The Complete Poems of Emily Dickinson edited by Thomas H. Johnson
A condensed version of Emily Dickinson’s three-volume poetry collection Complete Poems, this book includes hundreds of beautiful pieces that went unpublished during her lifetime. Dickinson experiments with inflection and rhythm in her expression of extraordinary emotion and intellect. An iconic figure in English literature and well ahead of her time, the beauty of Emily Dickinson’s writing continues to amaze several generations of readers.
Lord of the Butterflies by Andrea Gibson
Lord of the Butterflies is Andrea Gibson’s latest collection and explores notions of gender, love, loss, and family. The originality of their writing and the significance of the topics that have inspired their work have made this collection both beautiful and deeply important. Andrea Gibson’s unique poems focus on mental health, politics, and challenges faced by LGBTQ people, while instilling a sense of beauty and resilience that will leave you with butterflies.
Where the Sidewalk Ends by Shel Silverstein
This collection written by the author of The Giving Tree encapsules a wildly creative and entertaining series of poems and drawings. The prosody of Silverstein’s writing, along with quirky characters like Sarah Cynthia Sylvia Stout who will not take the garbage out, makes this book feel like a stroll through childhood. Where the Sidewalk Ends is a classic children’s collection and a nostalgic trip into a remarkably memorable imaginary world.

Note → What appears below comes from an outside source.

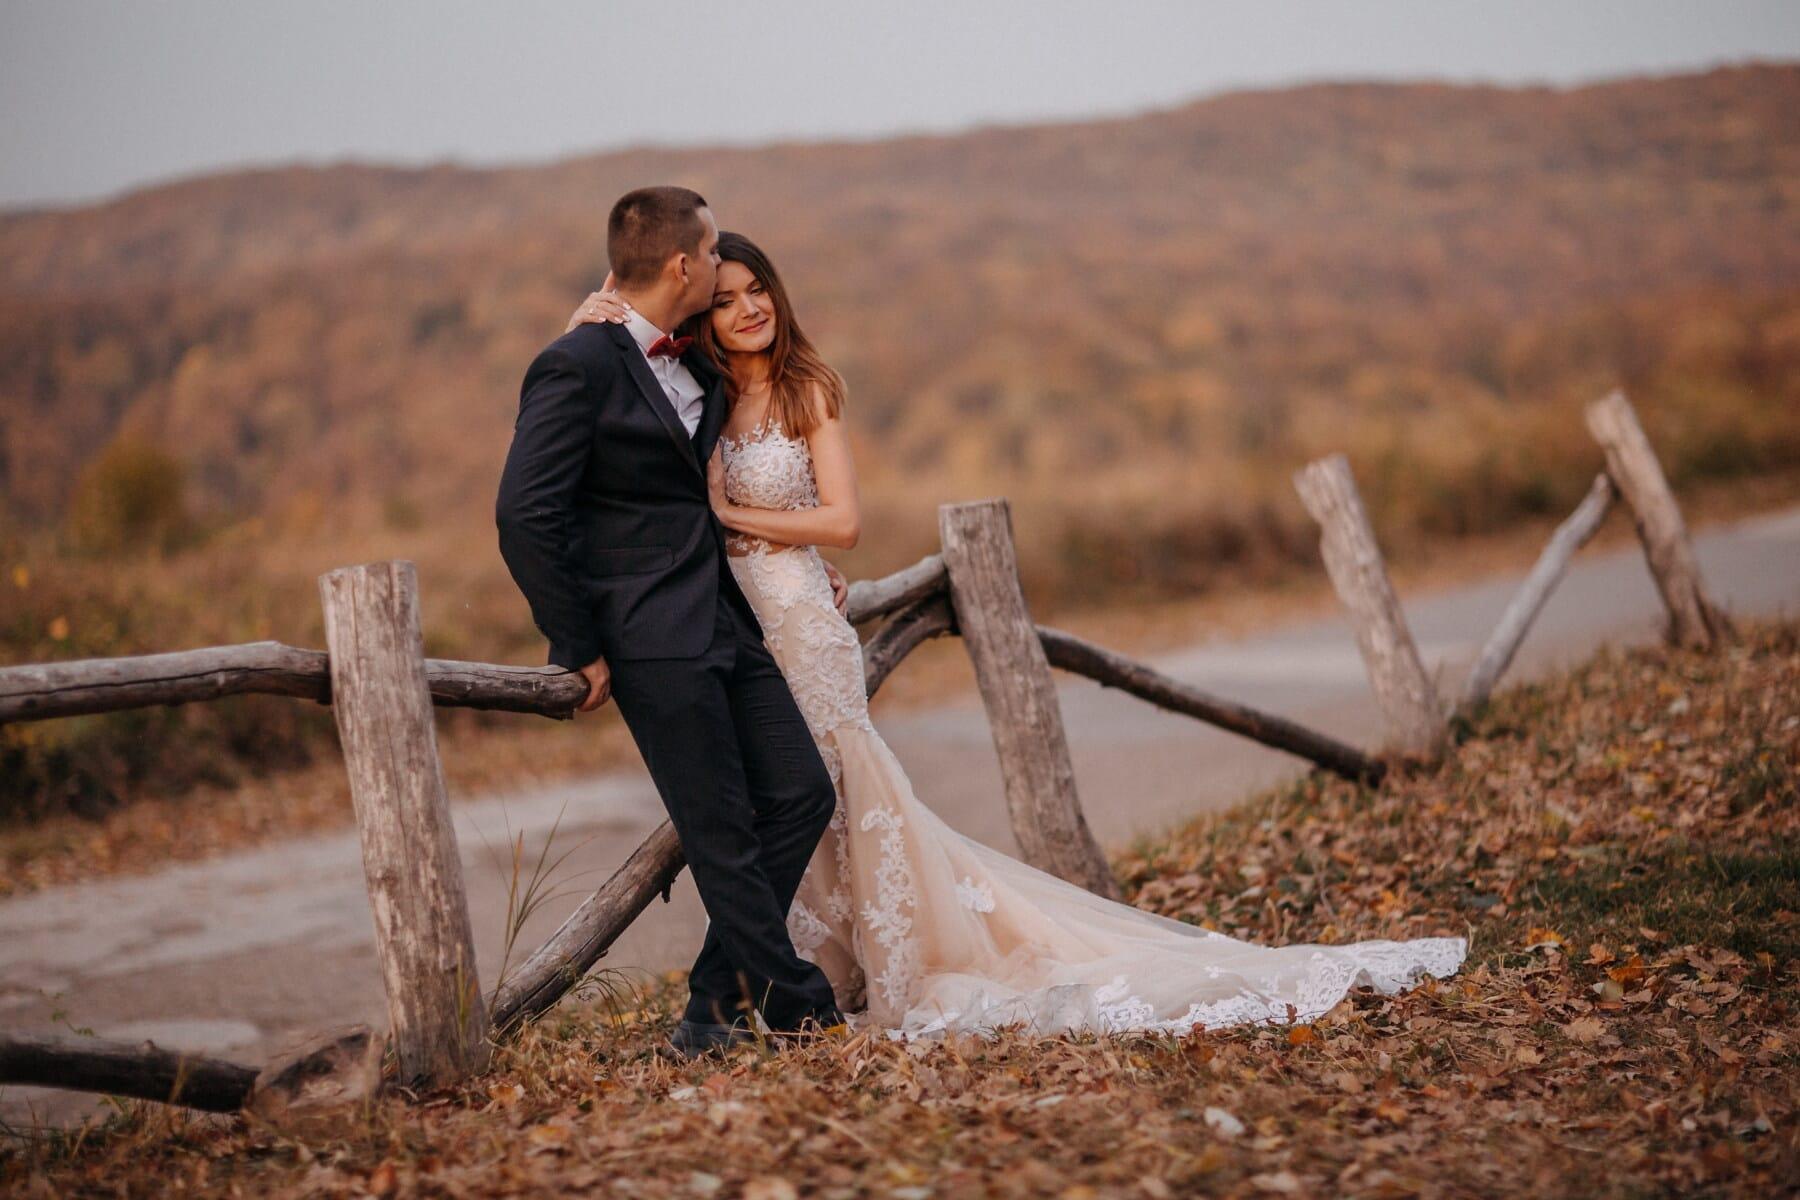 ロマンチックです, かわいい女の子, 愛の日, 紳士, 女性, ハグ, 秋のシーズン, 田園地帯, 人々, アウトドア
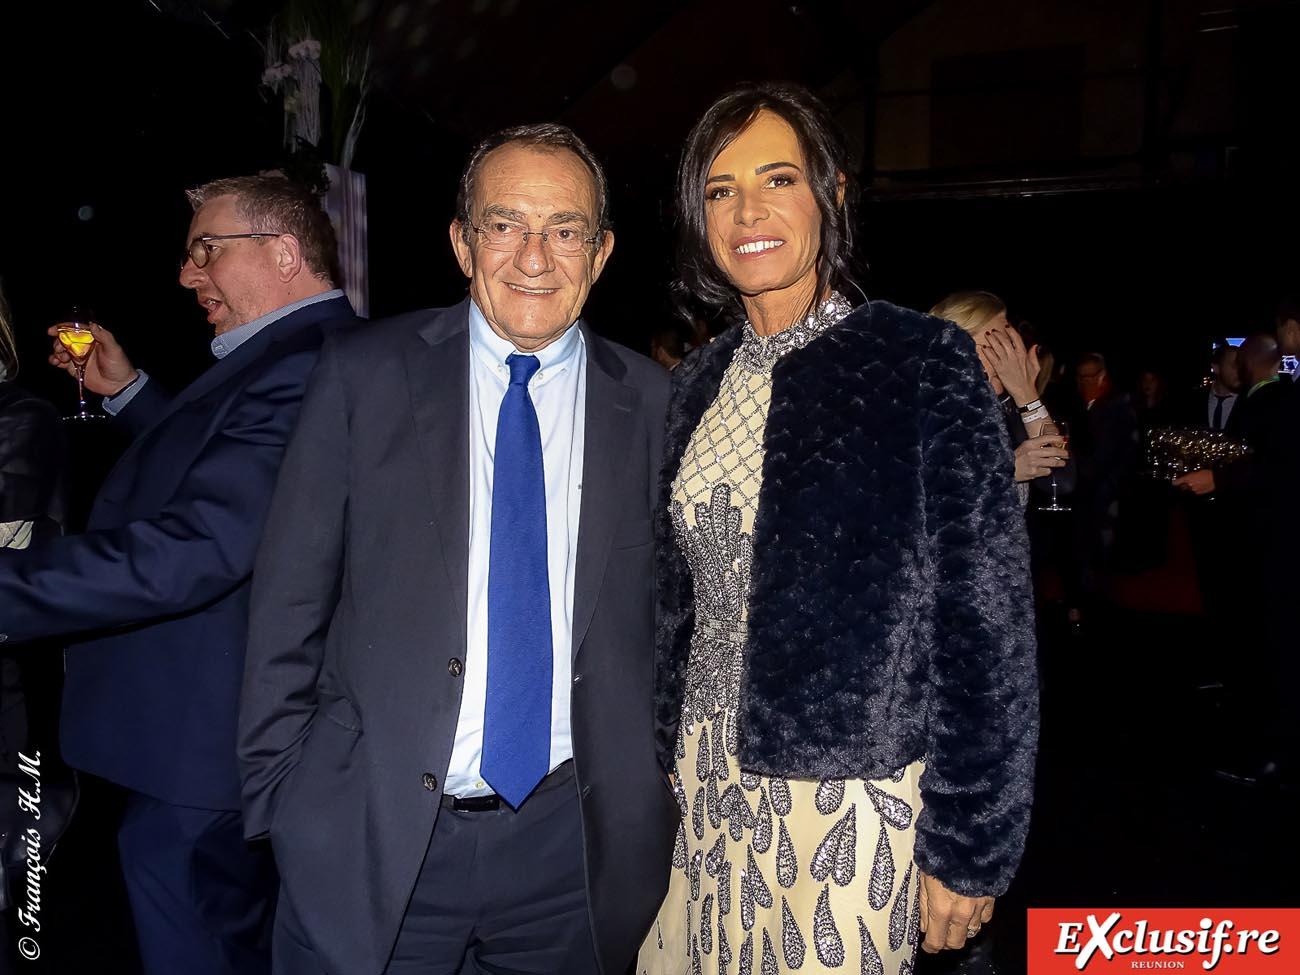 Jean-Pierre Pernault et son épouse Nathalie Marquay, ex-Miss France

The Complete Poetry of Edgar Allan Poe introduced by Jay Parini
Edgar Allan Poe has long been celebrated for his detective stories, his profound poetry, and his eerie atmospheric writing. This collection of poems consists of some of his best work, including the timeless “Annabel Lee,” his iconic “The Raven,” and the beautiful lyric “To Helen.” A masterful poet and an expert in the macabre, it’s no wonder why Edgar Allan Poe’s work has stood the test of time and continues to be celebrated today.
American Primitive by Mary Oliver
Winner of the Pulitzer Prize for Poetry, American Primitive consists of fifty extraordinary poems that explore themes of nature, humanity, love, and wilderness. Mary Oliver’s writing is an immersive experience and one that expertly describes scenes of nature to invoke a sense of peace and reflection. No matter the season, this celebration of the Earth and its wildlife will urge readers to get outside and experience the beauty of the wilderness for themselves.
These are good recommendations. I’m just starting to write poetry myself, so I’m interested in reading all the good poetry I can find.